Cash Flow from Financing Activities
During 2008, the net repayment of $550 million under our credit agreement primarily related to amounts
repaid from the issuance of $750 million in senior notes offset by the $250 million financing of the Cariten
acquisition. Net borrowings of $350 million under our credit agreement during 2007 primarily related to the
financing of the CompBenefits and KMG acquisitions. During 2006, net borrowings of $250 million primarily
related to the funding of additional capital into certain subsidiaries in conjunction with growth in Medicare
revenues, offset by amounts repaid from the issuance of senior notes.

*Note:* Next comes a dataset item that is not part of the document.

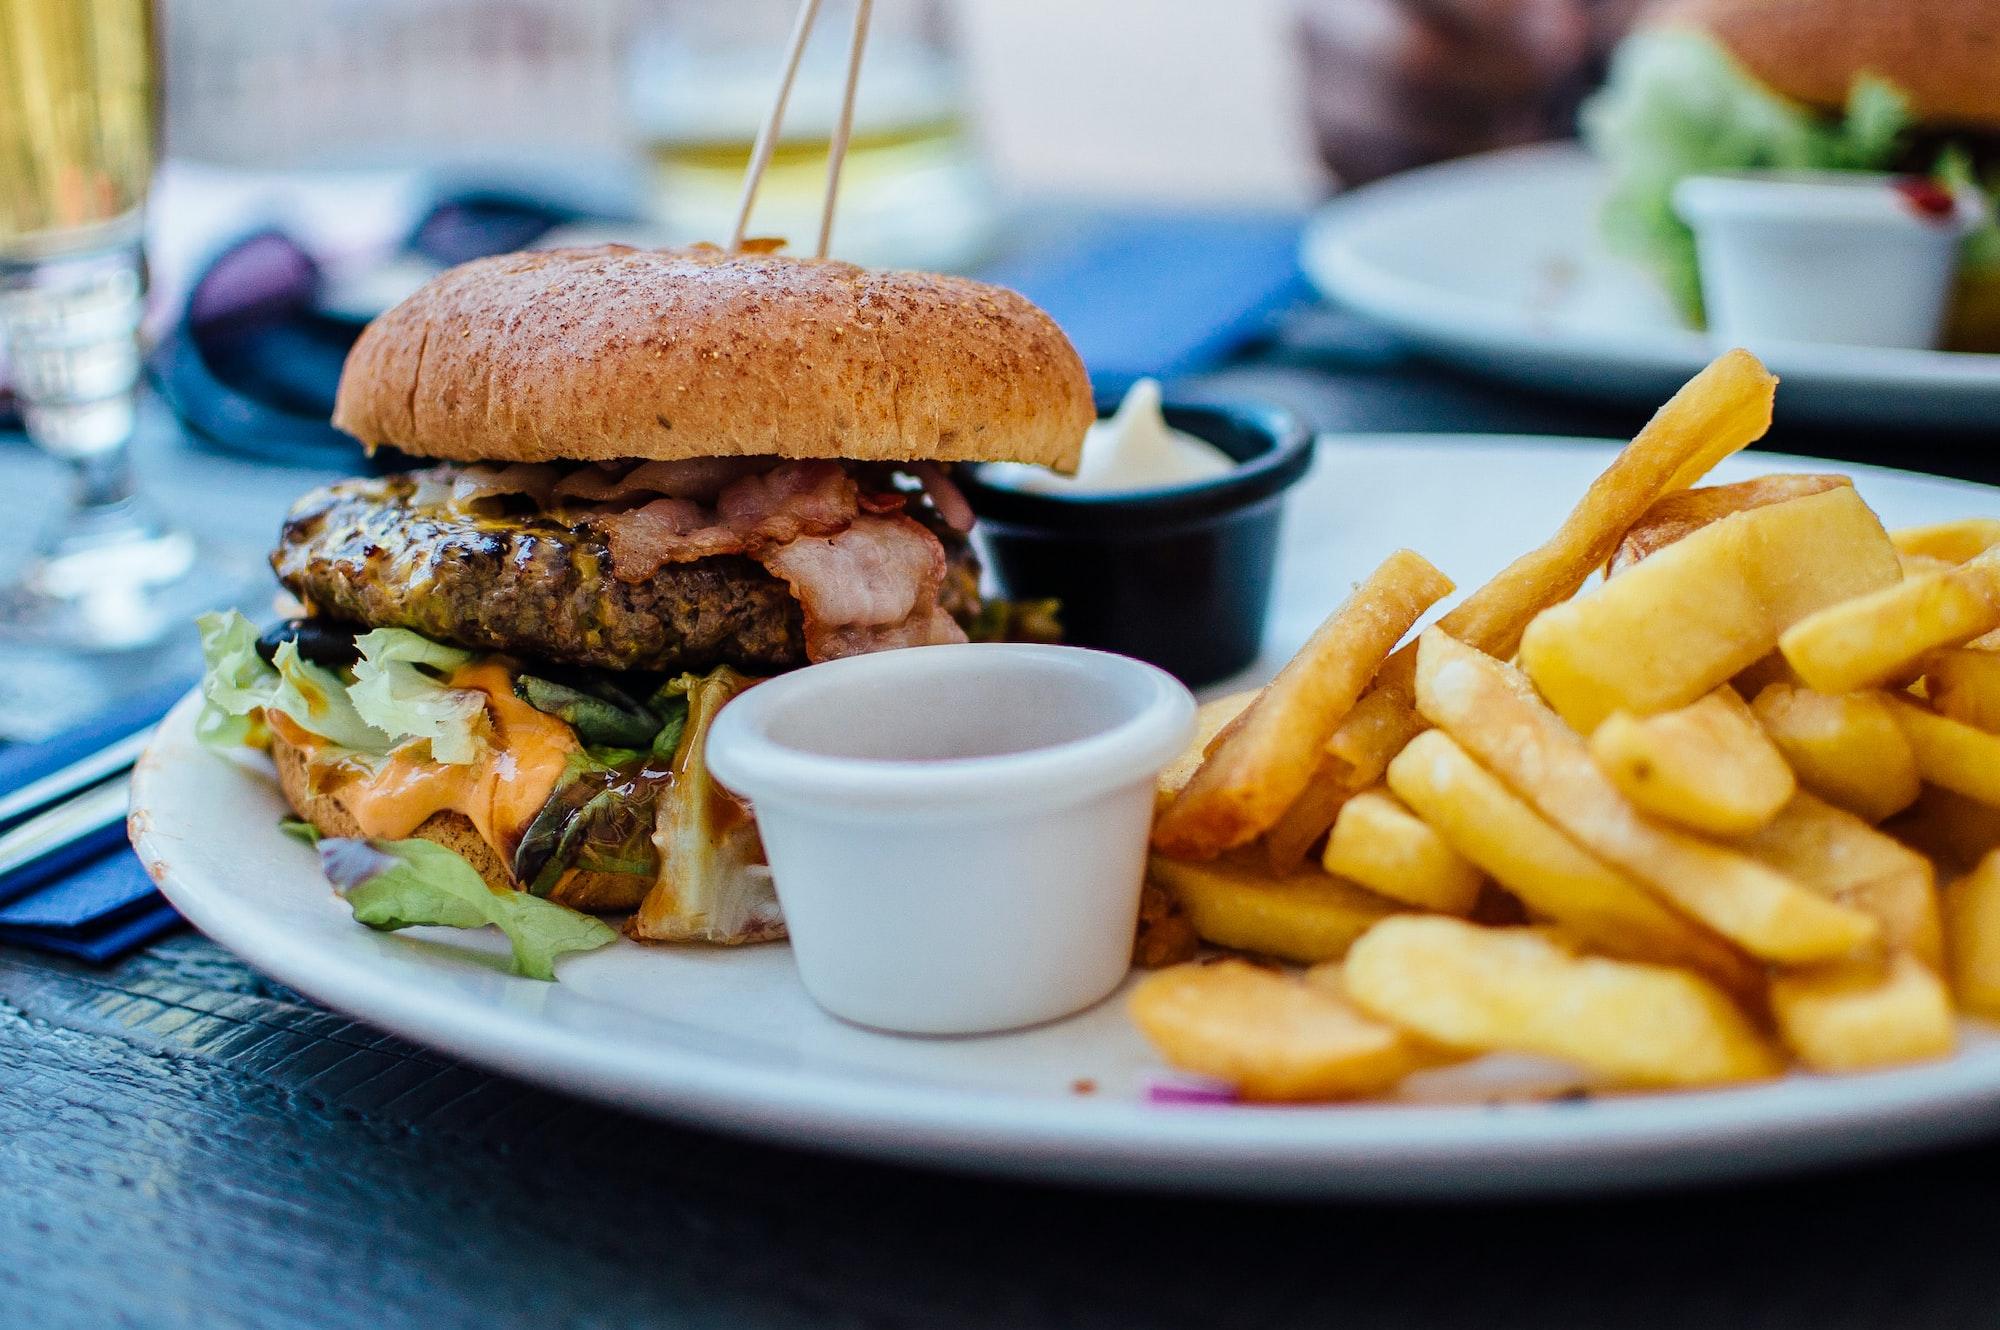 ลดน้ำหนักกิน Junk food ได้ใหม ?

During 2008, we issued $500 million of 7.20% senior notes due June 15, 2018 and $250 million of 8.15%
senior notes due June 15, 2038. Our net proceeds, reduced for the original issue discount and cost of the offering,
were $742.6 million. We used the net proceeds from the offering for the repayment of the outstanding balance
under our credit agreement.
During 2006, we issued $500 million of 6.45% senior notes due June 1, 2016. Our net proceeds, reduced for
the original issue discount and cost of the offering, were $494.3 million. We used the proceeds from the offering
for the repayment of the outstanding balance under our credit agreement, which at the time of the issuance was
$200 million, and the repayment of our $300 million 7.25% senior notes which matured on August 1, 2006.